Yıllar sonra Vitez’i hatırlamama sebep olan haber, 5 Ekim 2022 Çarşamba günü Anadolu Ajansı tarafından servis edildi. Haberde Bosna’da 1993'te öldürülüp 1998 yılında Mostar'daki toplu mezar kazılarında bulunan iskelet kalıntılarının boyutları nedeniyle DNA analizi yapılamayacak durumda olan kemiklerin toplu olarak gömüldüğü bildiriliyordu. Bir tabut içerisinde 22 kişiye ait parçalar vardı. 22 kişiye ait parçalar, sahipleri tespit edilemediği için bir araya getirilerek defnediliyordu. İşin acı tarafı cenazeye katılanlardan Sifet Osmancevic’in babasının üçüncü kez cenazesinin kılınmasıydı. Bulunan her parçası için bir cenaze namazı kılınmıştı. Bir insanın bedeninin farklı farklı mezarlarda olması Sırpların sıkça uyguladığı bir yöntemdi ne yazık ki. Babasının bulunan parçalarını kalan kısmı bulunamayabilir düşüncesiyle cenaze namazı kılıp defnediyor yıllar sonra başka bir parçasını bambaşka mezarlarda buluyor ve onları da defnediyorsunuz. Ne korkunç acılar, ne büyük imtihanlar bunlar. Bosnalı kardeşlerimizin yıllar süren soykırım kâbusunda neler yaşadıklarını, ne denli büyük acı dolu kuyulara atıldıklarını gösteren korkunç örnekler bunlar.

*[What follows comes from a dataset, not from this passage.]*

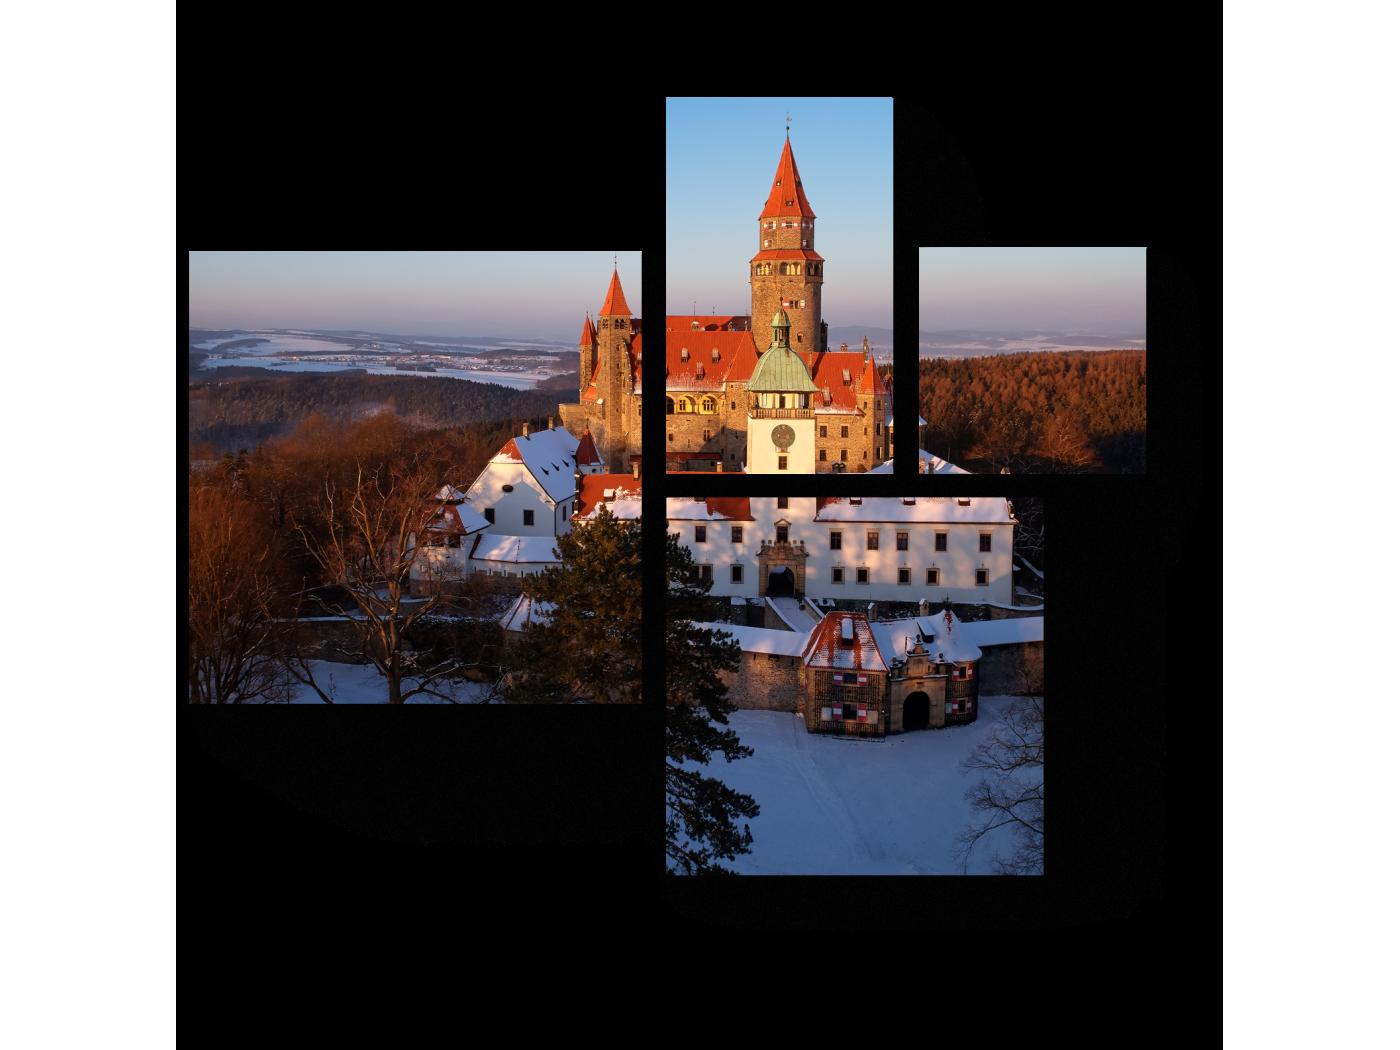 Модульная картина Романтический сказочный замок зимой (72x60) фото

22 masumu tek tabutta dar-ı bekaya uğurlayan ve "Bilim, kemik kalıntılarının kimlik tespitinin imkânsız olduğunu söylüyor. Bizler aralarında 12 çocuğun bulunduğu 22 Boşnak’a ait olduklarına eminiz." diyen kişi, yıllar önce Vitez’de yolumuzun kesiştiği Ömer Sikina hocadan başkası değildi. Yiğit, vakur ve zarif halinden bir şey kaybetmemişti. Bosna, savaşla birlikte büyük liderlikler, büyük mücahitler ve mücahit imamlar çıkarması açısından oldukça bereketli bir ülke olduğunu defalarca gösterdi.
Vitez halkı yiğittir. Etrafları Hırvatlarla çevrili olsa da düşmemiş bir beldedir. Ömer Hoca gezi esnasında durduğumuz anıtın önünde anlatmıştı: Savaş esnasında bir Müslüman kaçırılıp ailesi rehin alınıyor. Adamcağızı bomba yüklü kamyona bindirip şehrin içerisinde aracı patlatmasını istiyor işgalciler. Bunu yapmazsa rehin olan ailesini öldürmekle tehdit ediyorlar. Adamcağız, çaresiz kamyona biniyor. Tam şehrin içine girecekken direksiyonu kırıp Hırvatların üzerine kamyonu sürerek patlatıyor. Halkı adına kendisini feda ediyor. Pek çok işgalcinin can verdiği bu olay, Vitez meydanında yapılan bir anıtla ölümsüzleştiriliyor. Vitez halkına muhabbetimiz baki. Zaferleri zaferlerimiz, acıları da acılarımız. Bir mezar yerinde yanyana yatırılan 22 masuma rahmet diliyor, istikbali karışık olan Bosnalı kardeşlerimize bilge lider İzzetbegoviç’in şu sözünü hatırlatıyoruz: “Ne yaparsanız yapın ama soykırımı unutmayın. Çünkü unutulan soykırım tekrarlanır.”